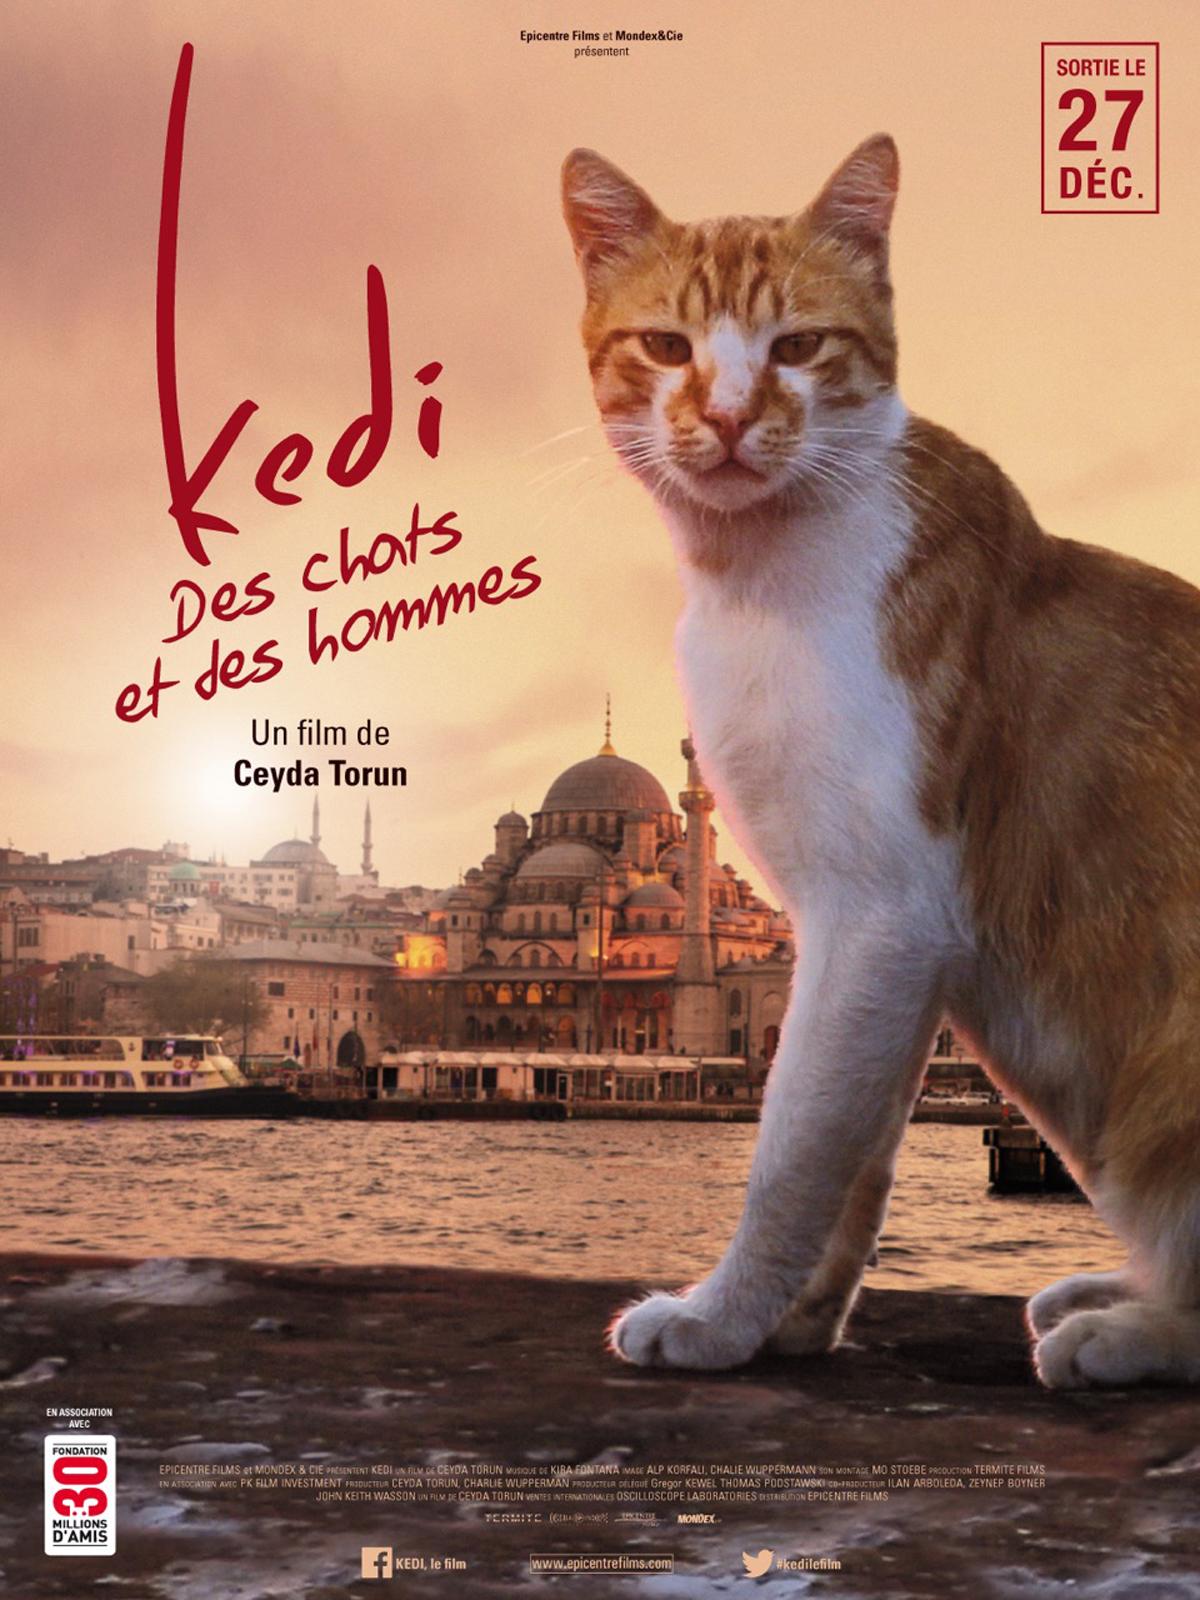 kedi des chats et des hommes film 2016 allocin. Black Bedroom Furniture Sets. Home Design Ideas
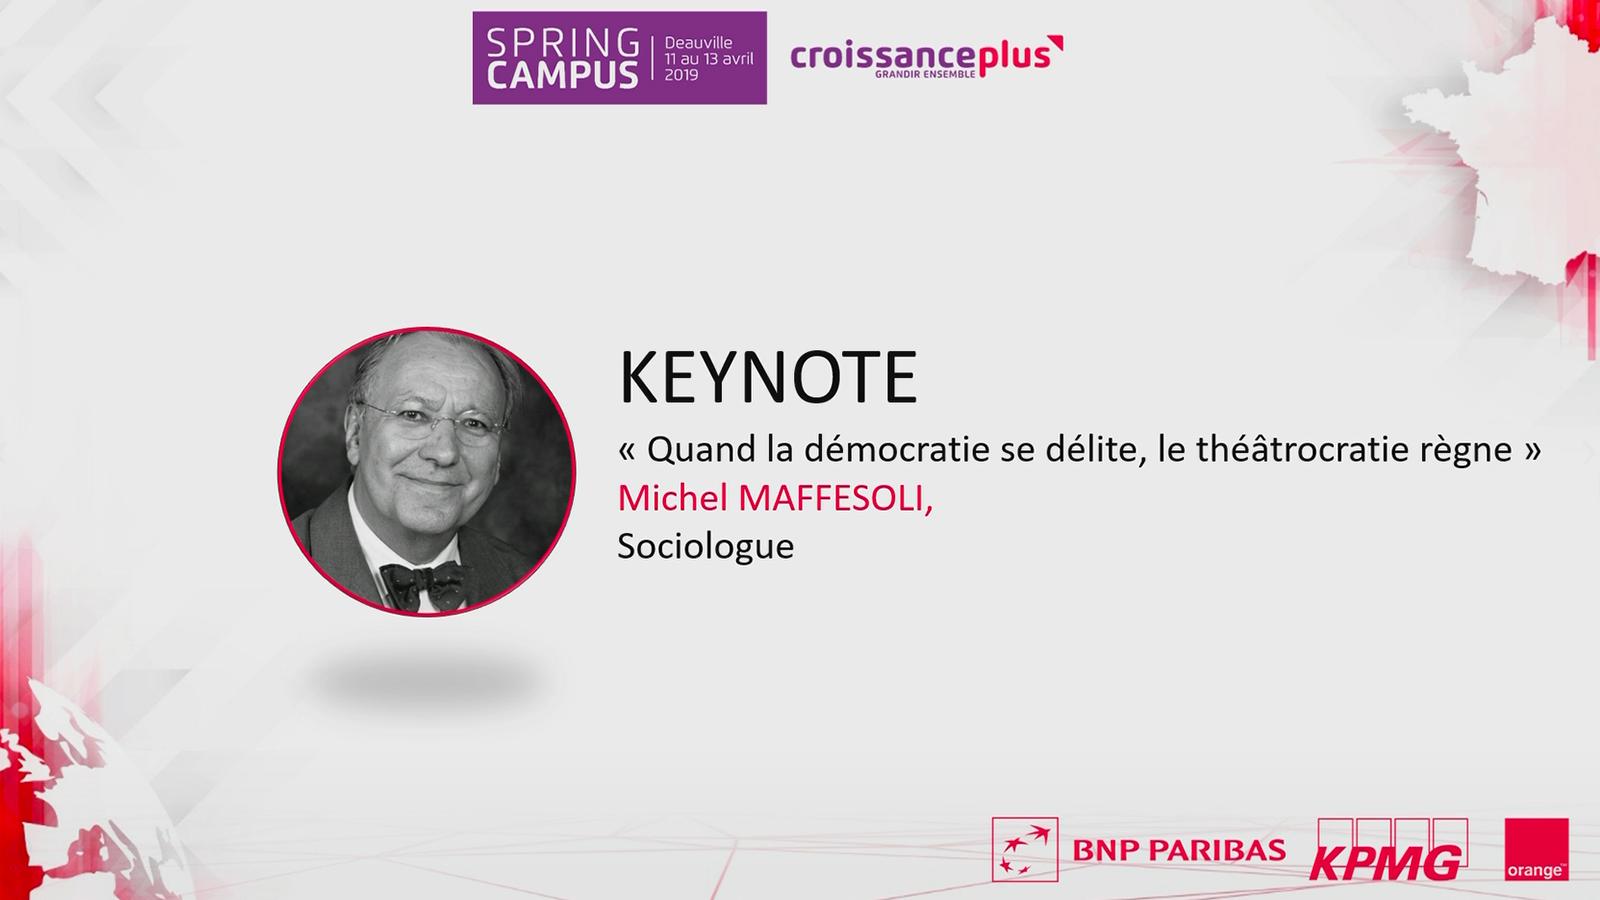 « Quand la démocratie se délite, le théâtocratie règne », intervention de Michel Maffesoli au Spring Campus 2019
==
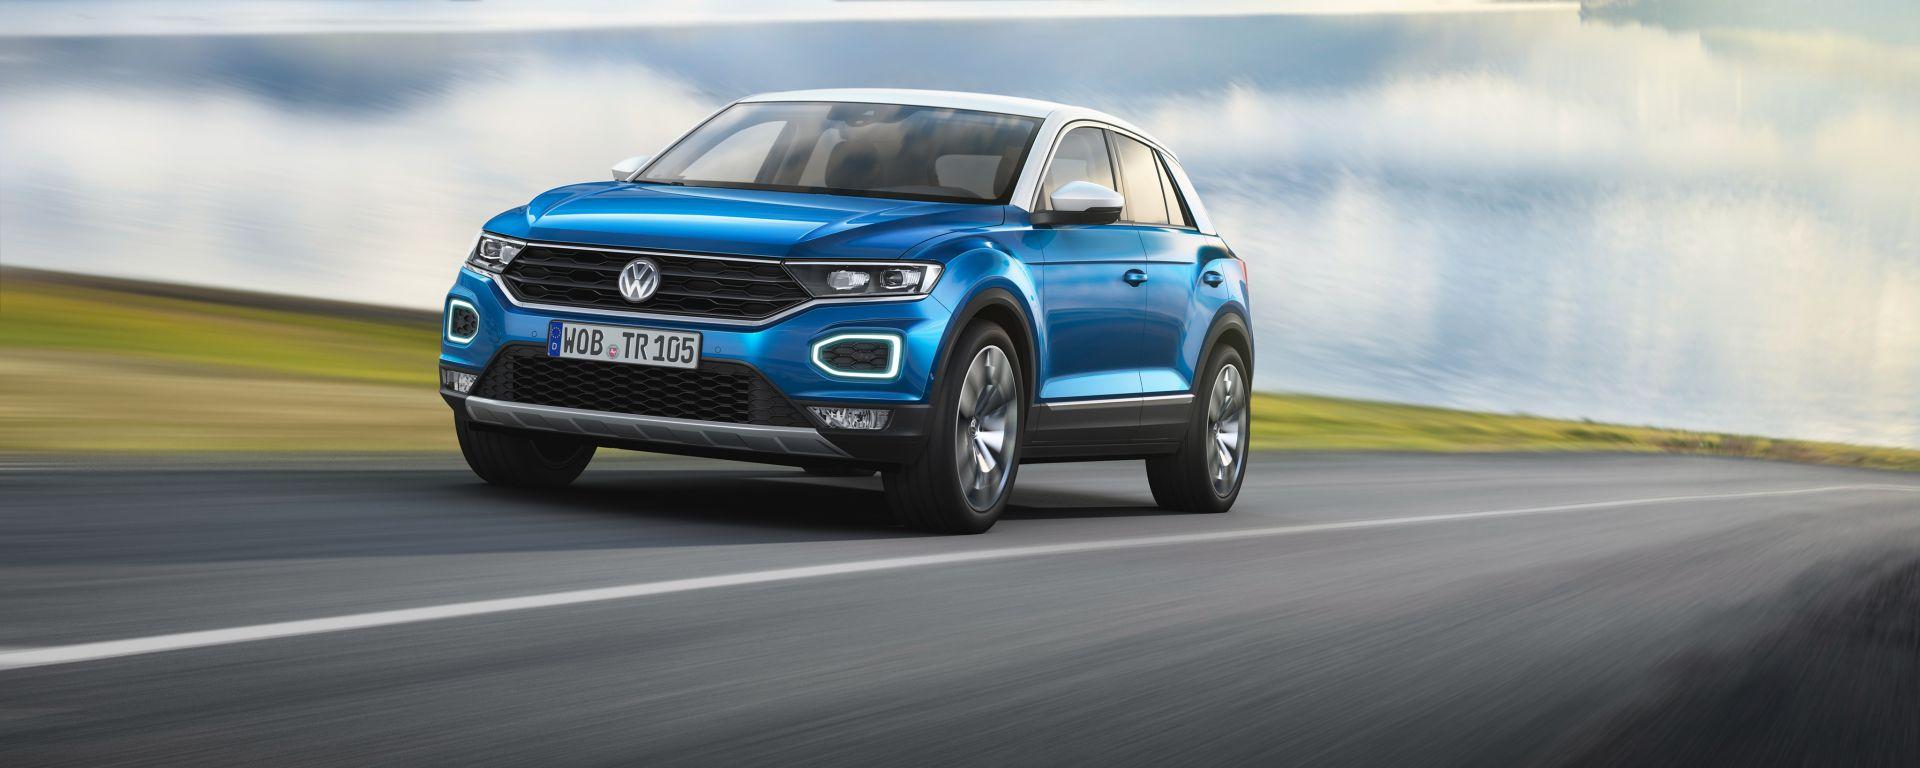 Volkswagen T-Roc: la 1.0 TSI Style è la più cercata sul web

Your task: When you reach the line that has "kedi des chats" in the data above, start repeating lines exactly, and stop after the line that has "Spring Campus 2019"; pictures stay out.

Exercise solution:
 kedi des chats et des hommes film 2016 allocin. Black Bedroom Furniture Sets. Home Design Ideas
 « Quand la démocratie se délite, le théâtocratie règne », intervention de Michel Maffesoli au Spring Campus 2019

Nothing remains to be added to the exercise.